Today is the first day. I'm trying not to freak out now because I only have one Xanax with me, but I just feel myself getting more and more wound up. However, I actually remembered to look at the hospital's integrative medicine calendar and there's a drum circle right before it starts. I'll go beat the crap out of some drums. I've always wanted to do that.

Mariangel43: The nurse wasn't joking. She made it sound like it was more a by-product of menopause, which I told her was sort of in dispute. My MO seems to think that because I had an IUD put in last summer, and I haven't had a cycle since right around then, that somehow makes me menopausal. I told him that the benefit of an IUD was little no periods. And before *that* I'd never missed a cycle. But the estradiol tests show that I am post-menopausal. As I've said before, that must make me the luckiest woman in the world.
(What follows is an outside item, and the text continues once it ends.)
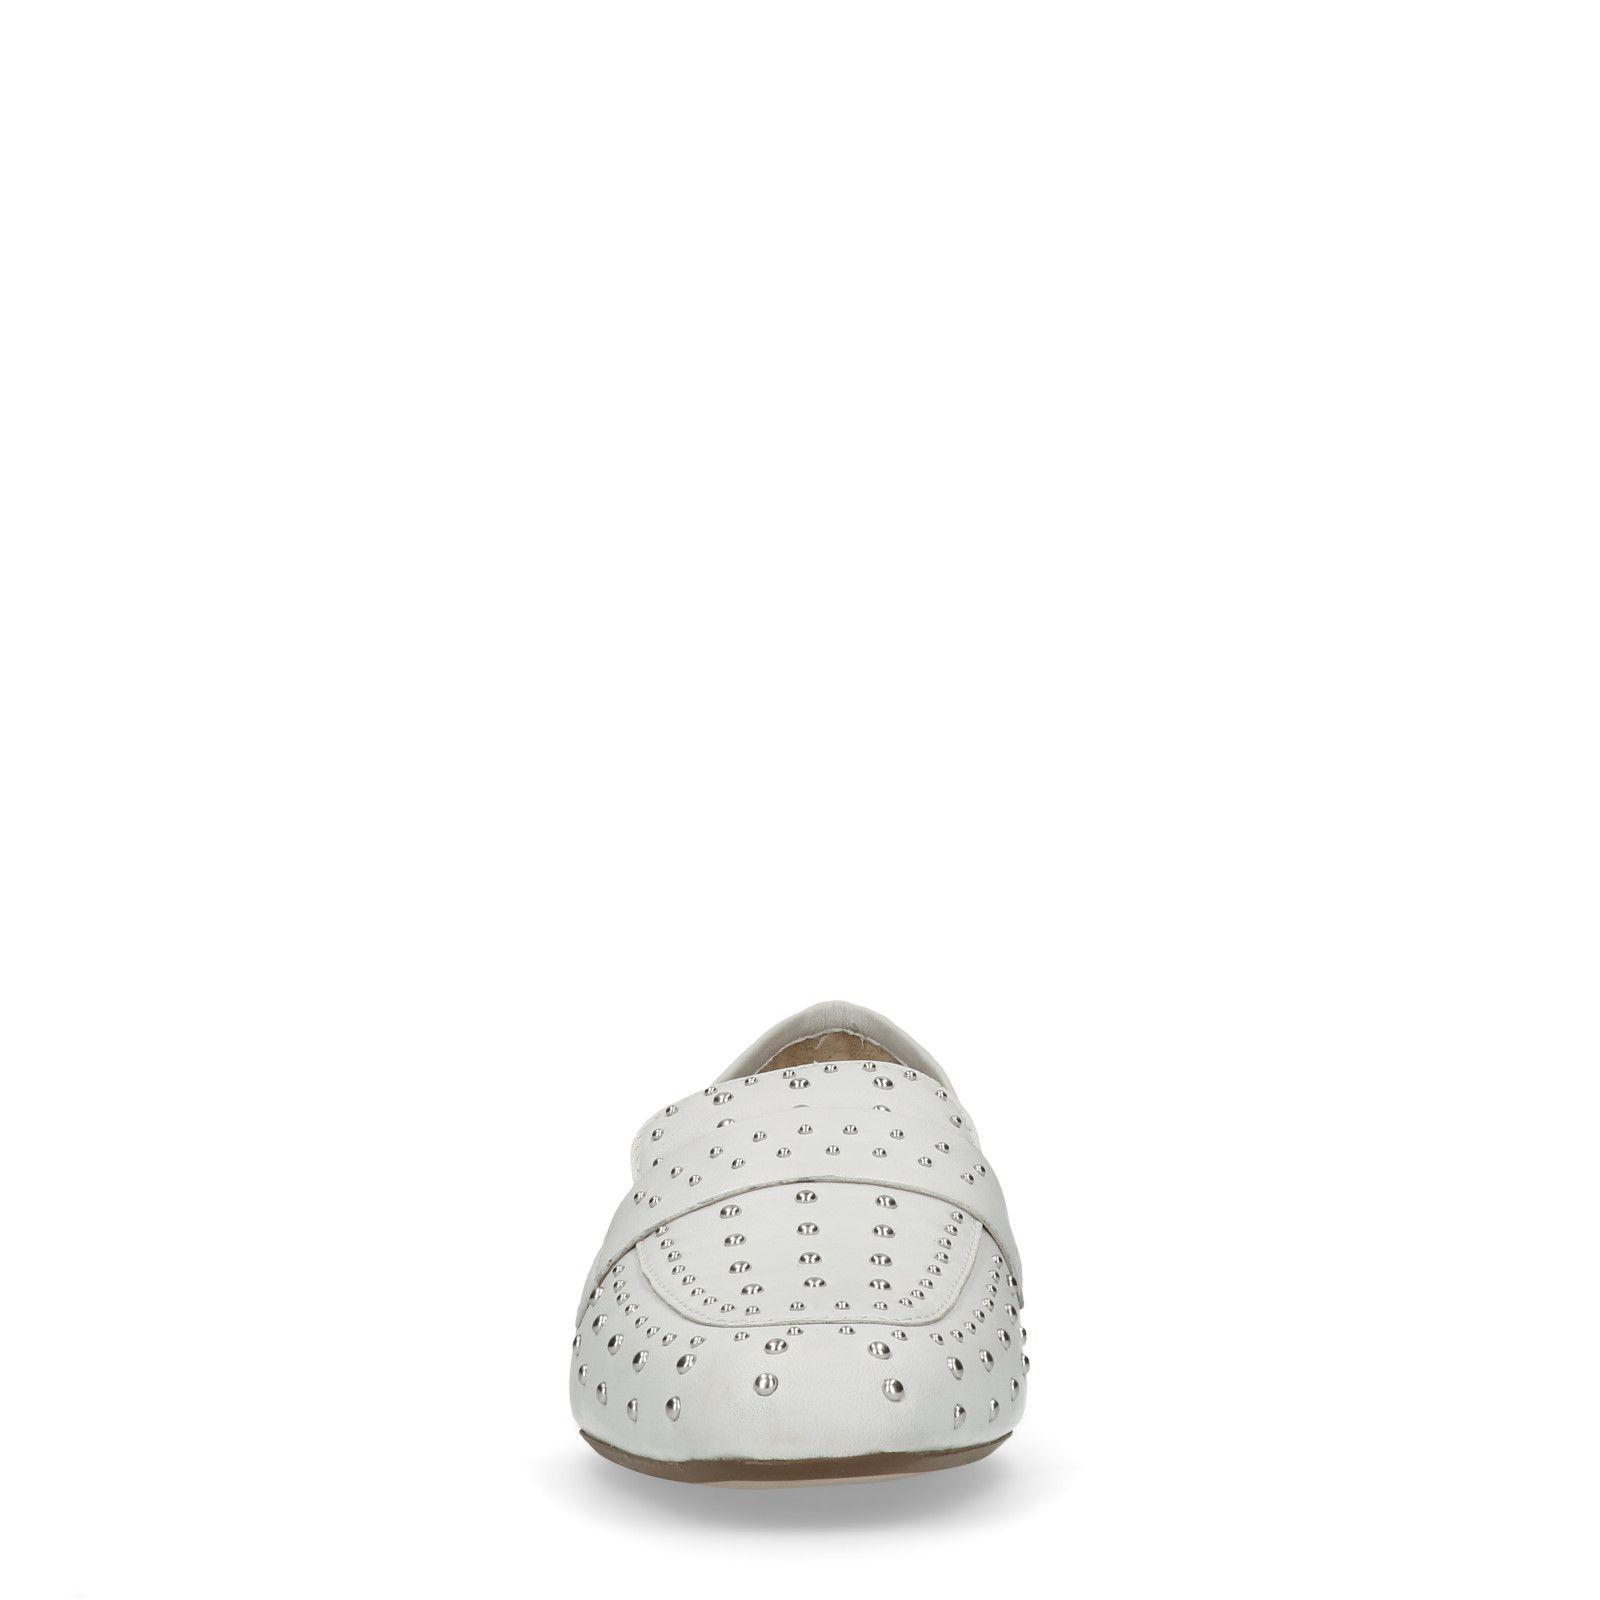 98927b6282d Manfield Witte loafers met studs. sale. prev

I've gone through menopause without knowing it. My body image therapist gave me the contact information for some doctors that would be able to address my concerns.

I don't think they like my scarves because I wear a shaper underneath and they want my head in the same position each day. That's a picture of me before simulation. Someone had mentioned wearing a little hat and at first I was like - I don't have those. Psht. Lol, even not at home I found a cute one that I can wear - or at least try to get away with wearing during. I'll just have to redo my scarves before I leave. I can understand their reasoning, but a little prep would have been nice, especially with me freaking out over everything about this part of treatment.

I've thought about bringing my own robe and house shoes to rads, then I can tell myself it's a laser spa treatment. >.< I imagine they are so sick of me and my complaining that I may wait on that one.

I have LE, too, and that's another thing that has me completely off the chain about this whole thing. If my MO had done the referral earlier, I could have had the bypass operation by now and probably wouldn't have had any problems. As it stands now, the PTs and I are just starting to figure out how to control the LE after about 8-9 months. I almost had a cow when I heard they would be zapping healthy lymph nodes.

LifeAloft: YAY!!!!!!!!!!!!!!!!!!!!!!!!!!!!!!!!!!!! Congratulations! I feel like we've been through this whole thing just about together and now you're at the finish line. I am SO HAPPY for you!!!!!!!!

marionsgirl

I had 6 weeks of radiation on my left side and completed on February 29. I was on my back for every treatment with both arms over my head. I had to hold my breath several times during every treatment and that was difficult. My lymph nodes were affected so the area of radiation was from my collar bone to my waist and over to the left side. I worked part time and was very tired during radiation. There was some skin irritation and the nurses gave me ointments to use. The last week was a boost week and that was not as difficult as I didn't have to hold my breath. Much quicker too.